Perplexity’s “Search as Code” lets AI models write their own search pipelines instead of calling fixed APIs

· June 7, 2026
Perplexity’s “Search as Code” lets AI models write their own search pipelines instead of calling fixed APIs

What changed

Perplexity introduced a new “Search as Code” architecture that replaces fixed search APIs with AI models writing their own search routines in Python. Instead of calling rigid external APIs for queries, the AI agent constructs, filters, and deduplicates search pipelines internally inside a sandboxed environment. This gives the model full control over how it accesses and processes search results.

Why builders should care

This shift allows for custom search workflows that are dynamic rather than limited to predefined API responses. By embedding filtering and deduplication logic in code the model writes, it reduces irrelevant or duplicated tokens, lowering token consumption by up to 85 percent. It also improves key benchmarks compared to OpenAI and Anthropic’s fixed API approaches, suggesting more efficient and precise information retrieval.

The practical takeaway

Developers building AI search or agent workflows can benefit from this move by gaining fine-grained control over querying and post-processing steps.

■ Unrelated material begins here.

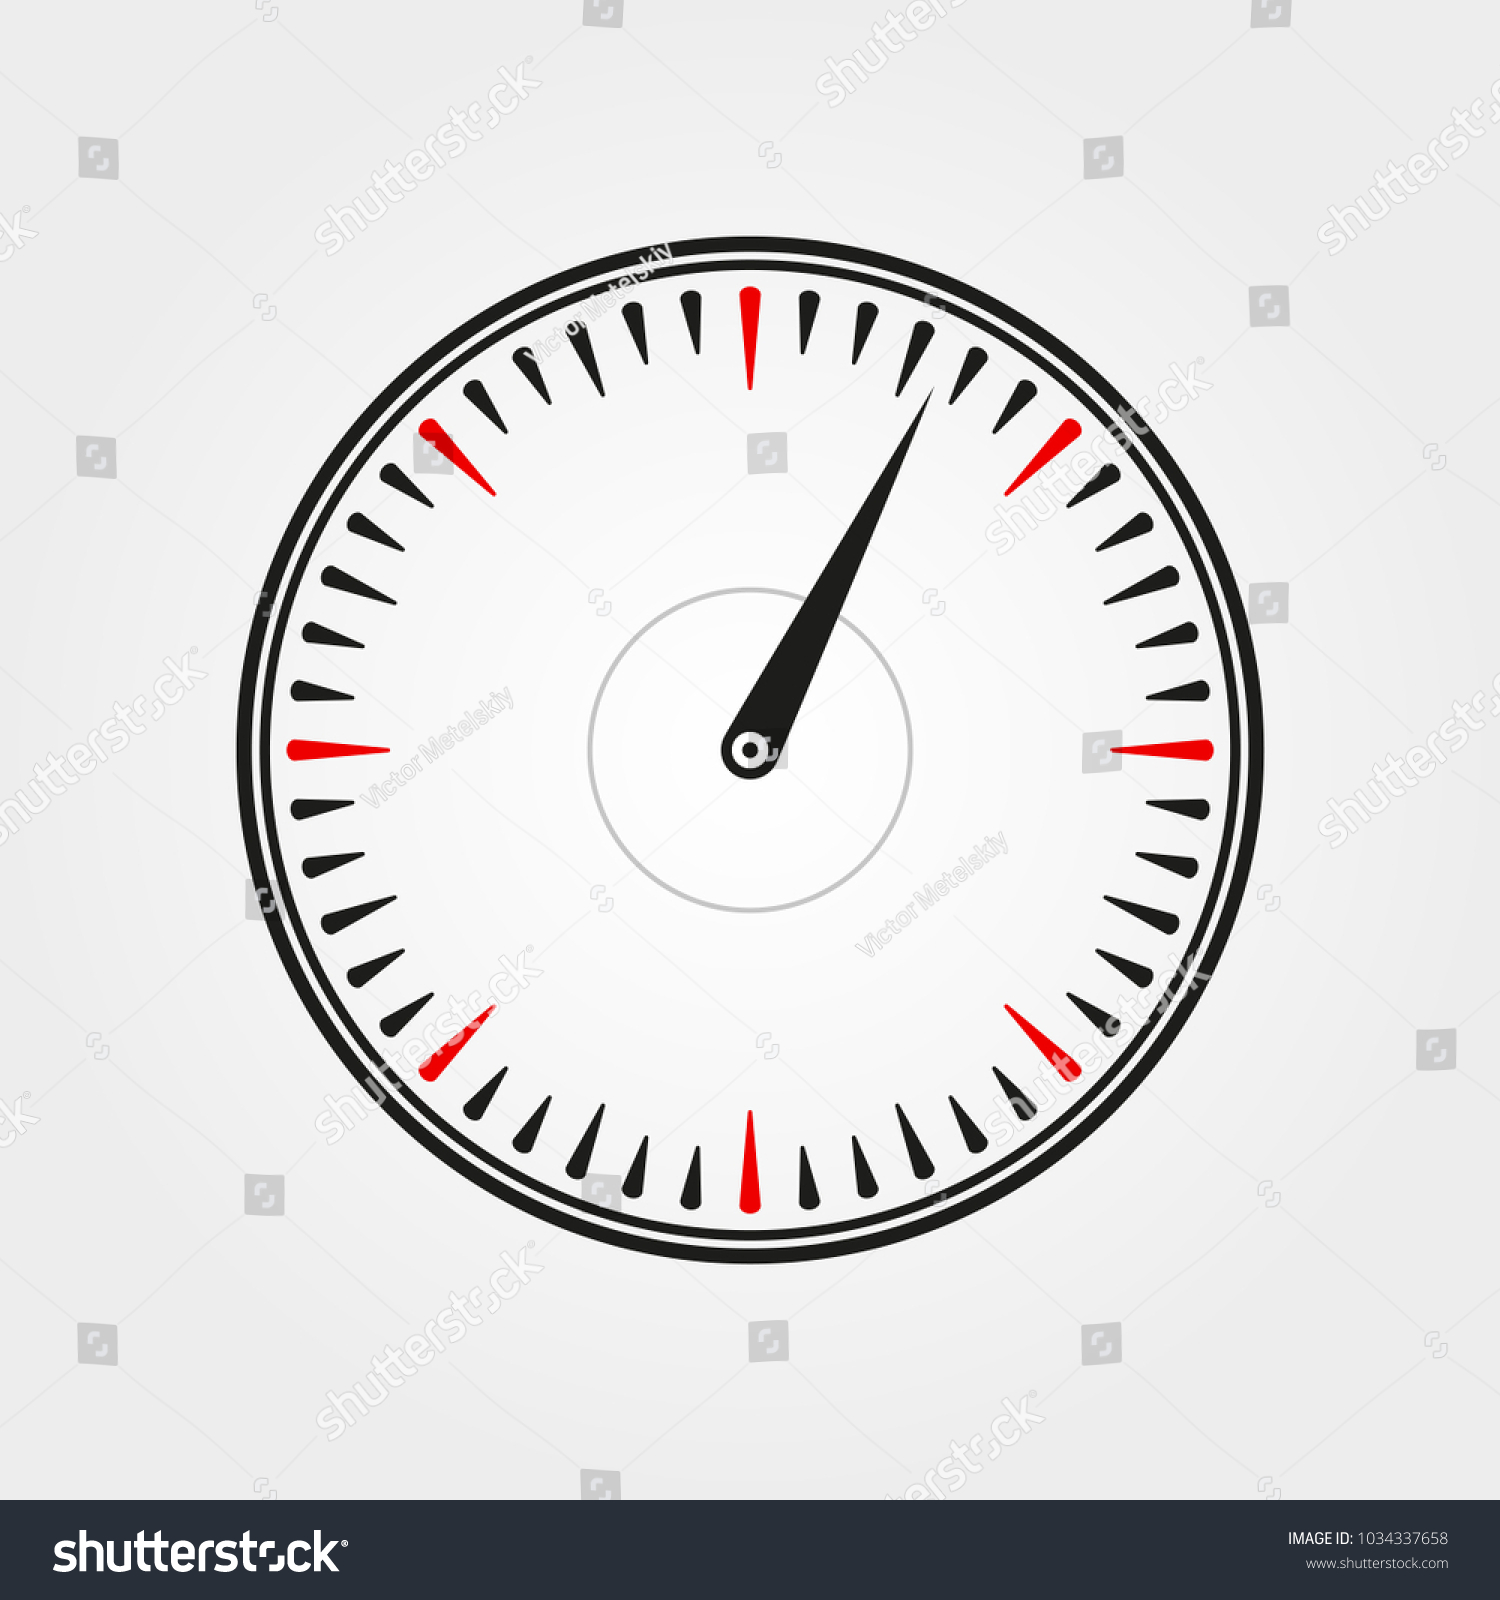 Speedometer Icon Meter Gauge Logo Dashboard Stock Vector 1034337658 ...

Running search logic in Python within a secure sandbox means better adaptability and cost efficiency. This approach can reduce reliance on costly token-heavy API calls and make search-based agents faster and cheaper to operate.

What to watch next

It will be important to see if other AI service providers adopt similar flexible, code-driven search methods. Watch for how this approach integrates with different AI models and its impact on operational costs in production. Also track security and reliability outcomes from running dynamic agent-generated code versus static API calls in live environments.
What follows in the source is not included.